In UJR, because I could not hide the physical (individual) sticks from games, or stop them from updating, when using the bind routines in game option menus, you invariably bind the input to the physical stick, not the virtual stick. I had to write a system called “Quickbind” that lets you move the virtual stick without moving the physical stick.

So… this got me thinking…
UCR would be able to do everything that the manufacturer’s software could do and then some - so why not try to replace it?
In fact, it would be worth mentioning that the scope of UCR would potentially include remapping for any HID device - ie why stop at replacing the software that comes with joysticks? Why not replace the software that comes with any keyboard / mouse / stick, or even provide software if your device did not come with any.

With regards to “remapping” keyboard or mouse, I possibly do not need drivers etc to do that - I have also implemented hooks via SetWindowsHookEx DLL calls which I think can take care of most keyboards / mice etc. I dunno - it’s probably best to limit discussions for now to the subject of joysticks, as “blocking” physical sticks is the most asked-for feature from users of UJR.

In order to “block” the physical stick input, there appear to be two ways to go:
For both methods, my code would always need to be able to read the actual state of the physical sticks (Ideally via my existing WM_INPUT code).

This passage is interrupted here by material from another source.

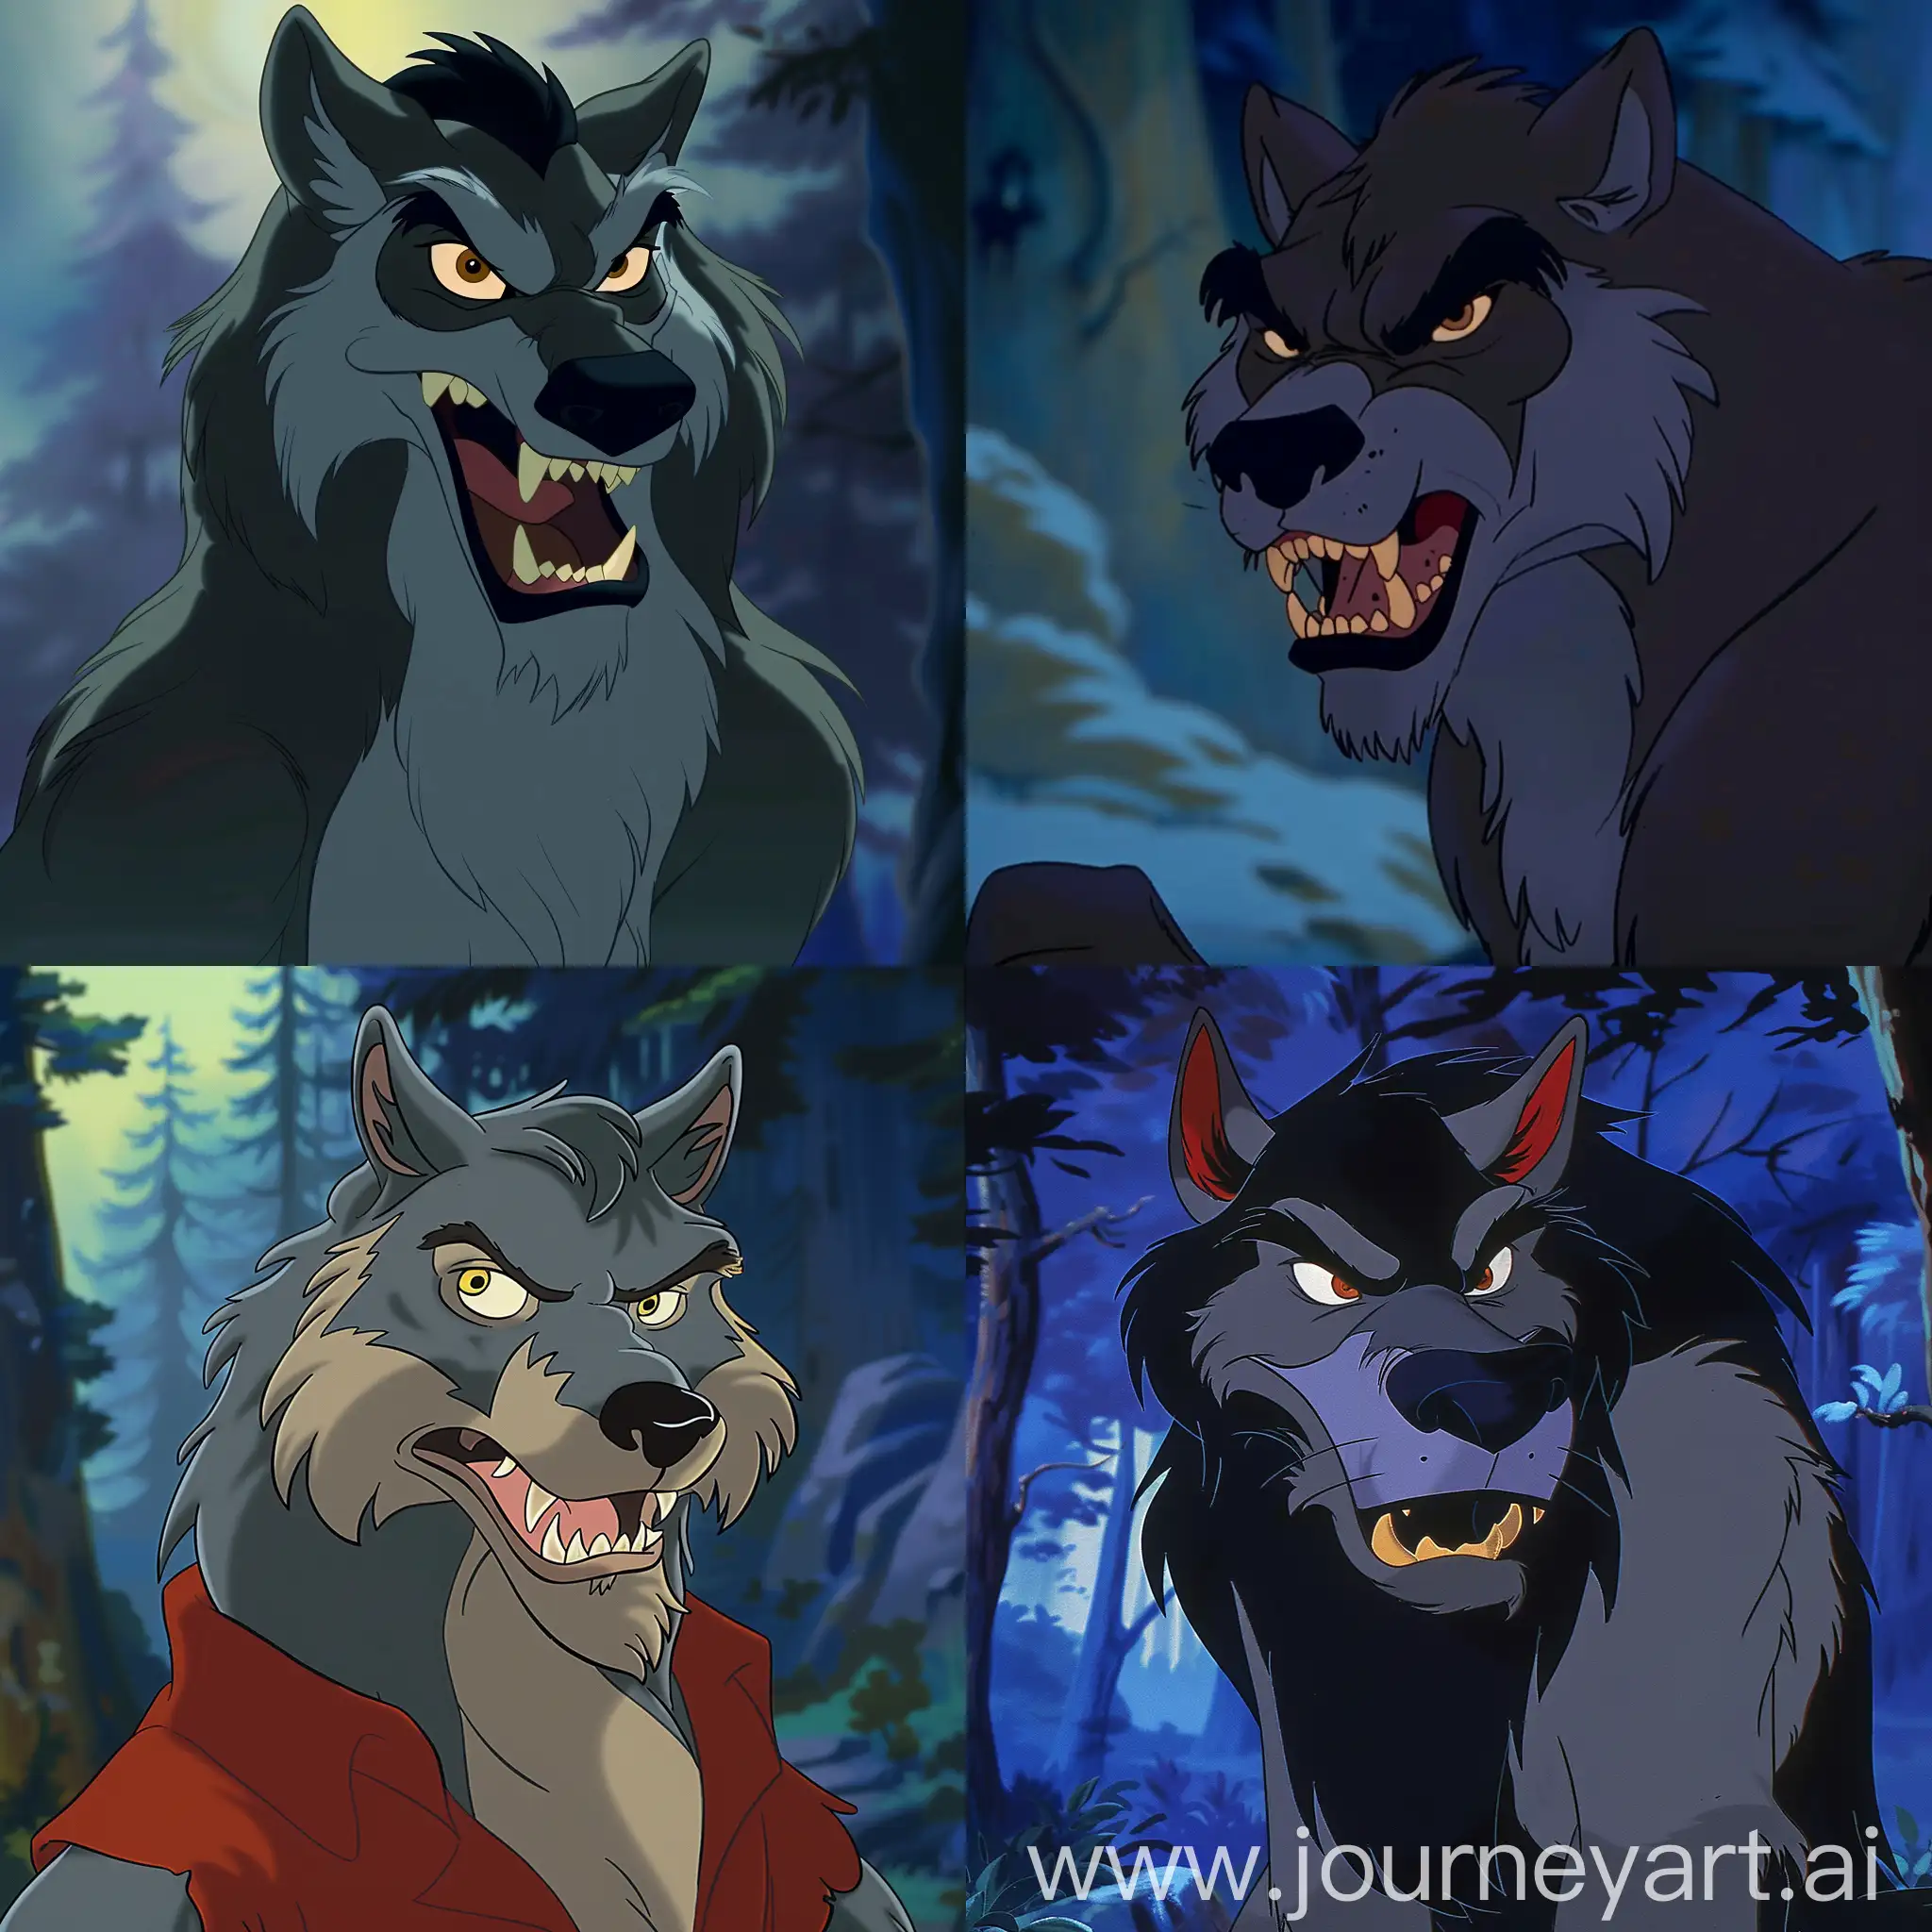 Retro-Cartoon-Disney-Werewolf-Art-90s-Nostalgia-and-Classic-Animation-Style
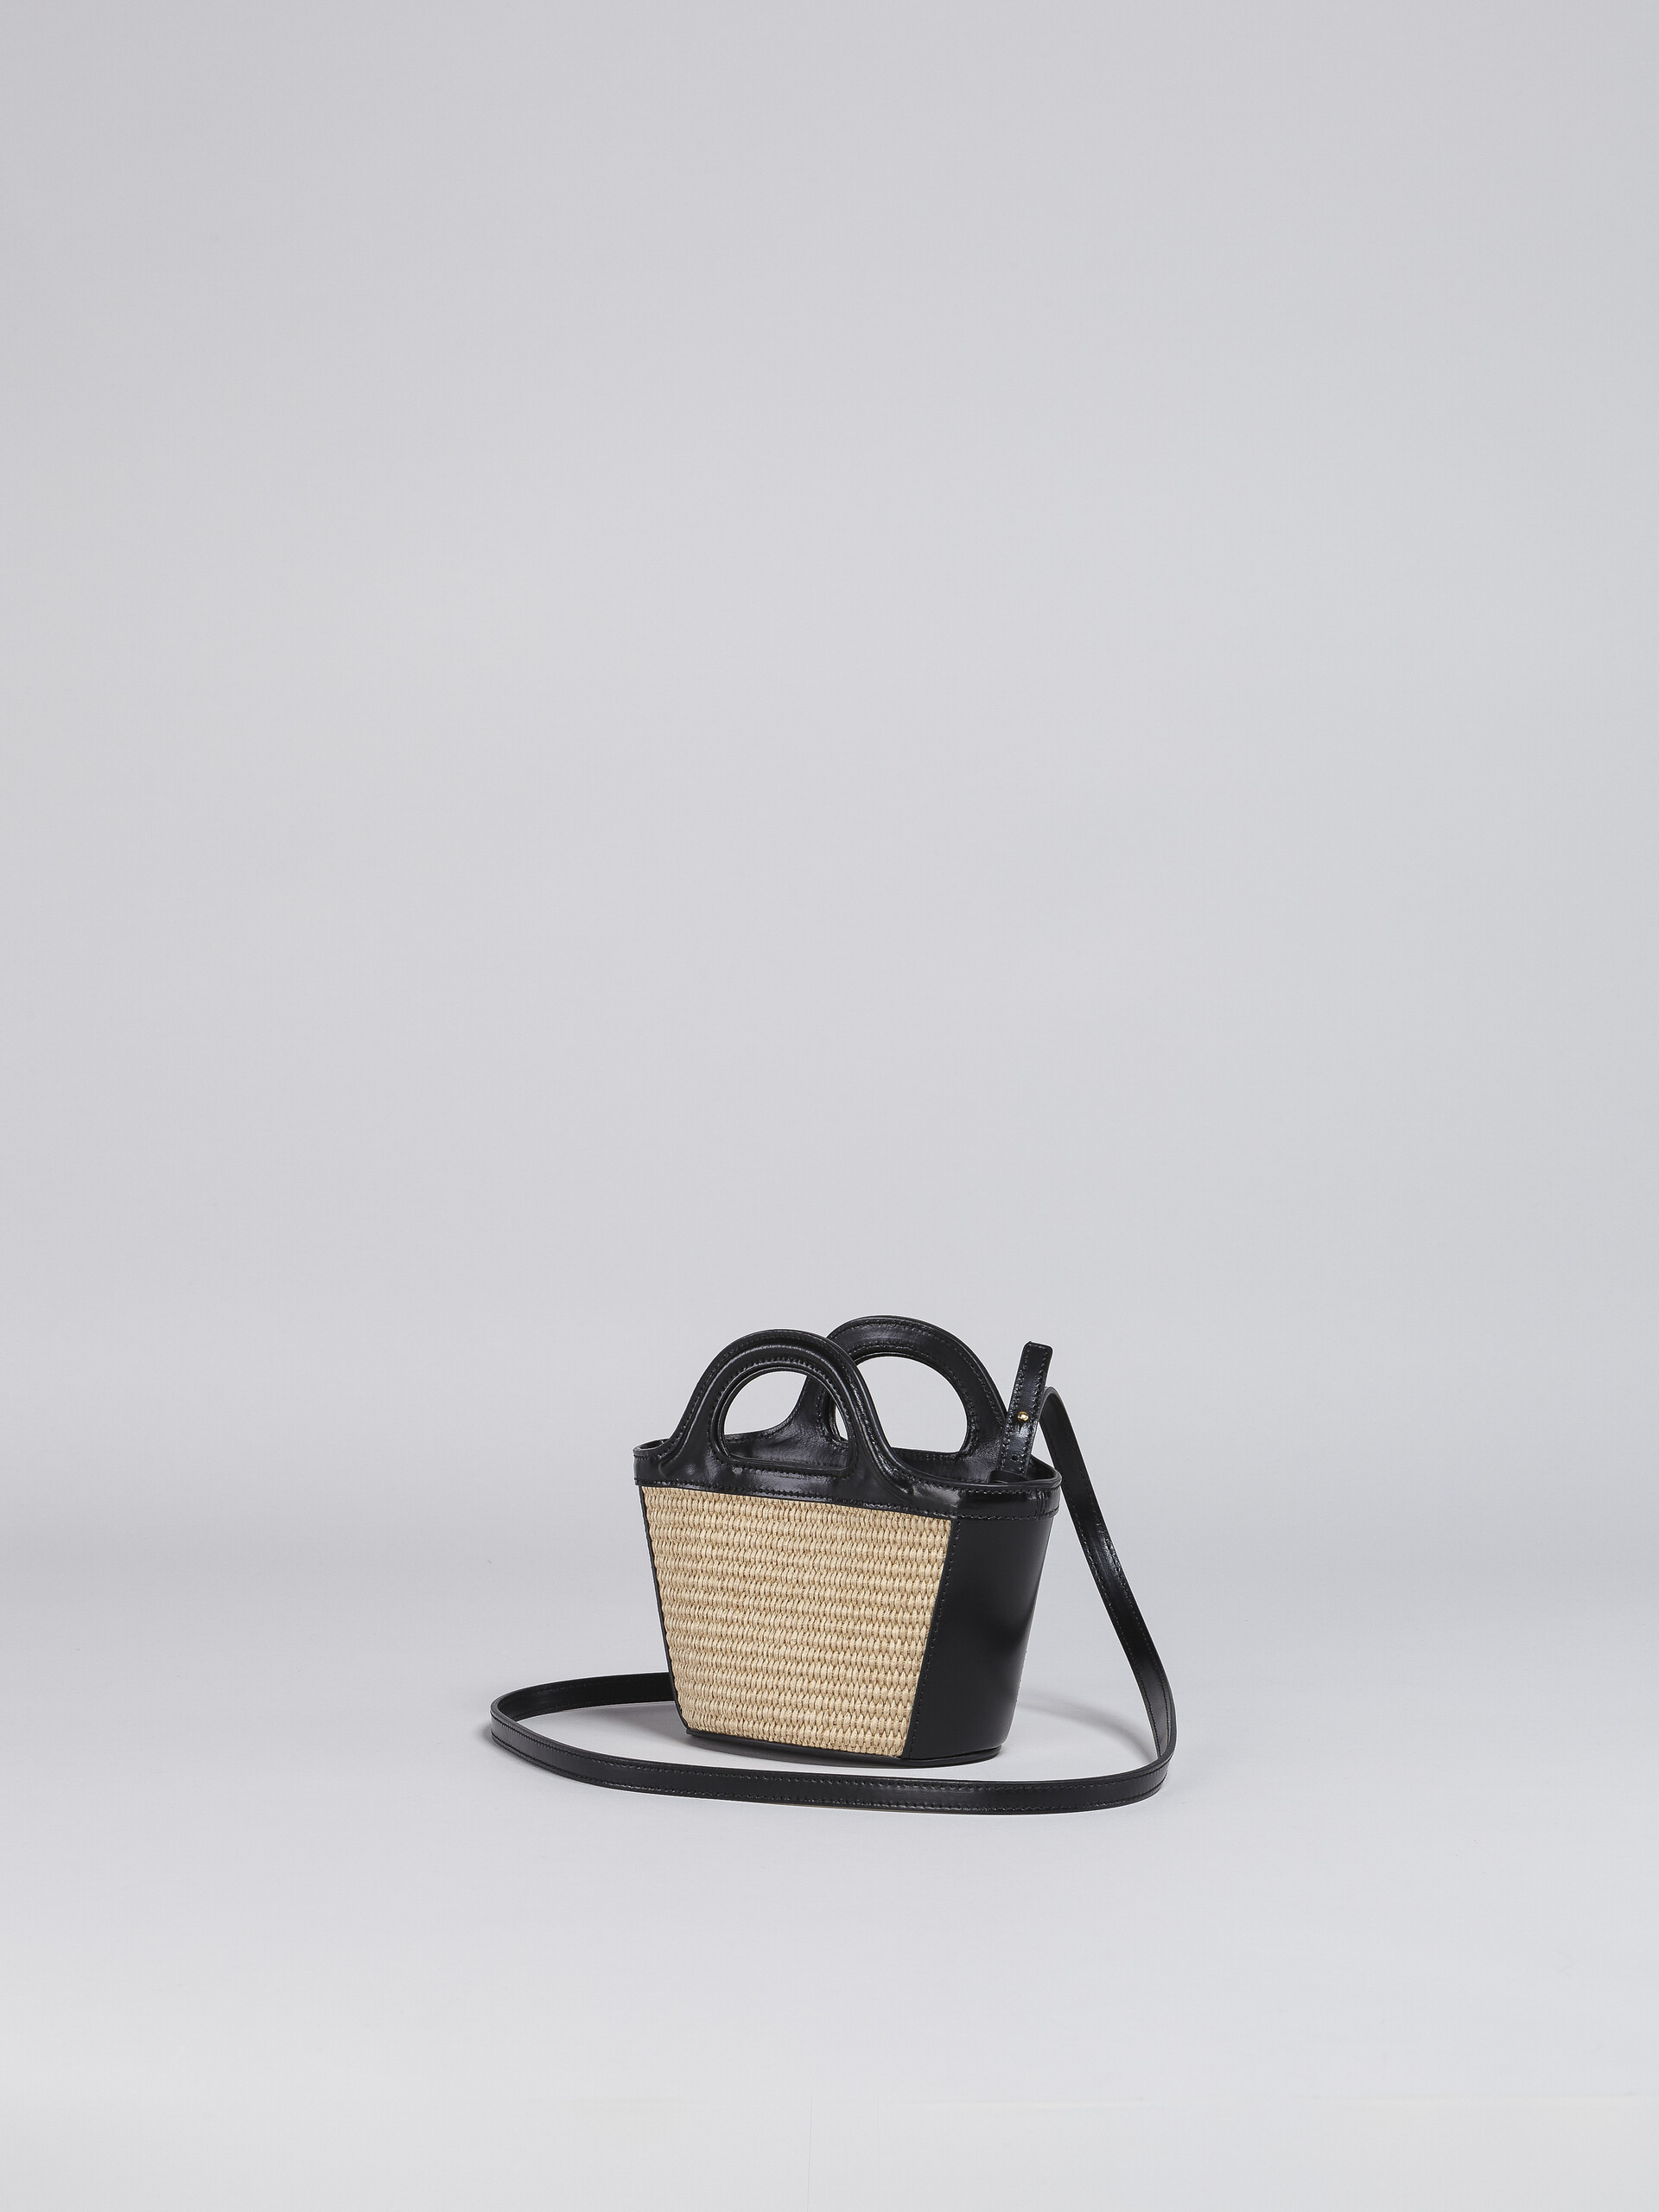 TROPICALIA micro bag in black leather and raffia - Handbag - Image 2

  1. Stop games from seeing the physical sticks move. Games should then always see the virtual sticks move. This may not work though as some games may decide to not even scan all sticks. However, virtual sticks should always be the “preferred device”, so this may be unlikely.
  2. Hide the sticks entirely (don’t appear to exist) from games, just leave the virtual sticks visible.

Apologies for the wall-o-text on a first post, hopefully it makes what we are trying to do pretty clear.

For further hints on how an example manufacturer’s software works - see the manual for Thrustmaster T.A.R.G.E.T here: http://ts.thrustmaster.com/download/accessories/pc/hotas/software/TARGET/TARGET_User_Manual_v1.6_ENG.pdf

Page 11: Operating principles

Here is what happens when a profile is launched:
? The physical controllers are disconnected virtually.
? The virtual controller is activated.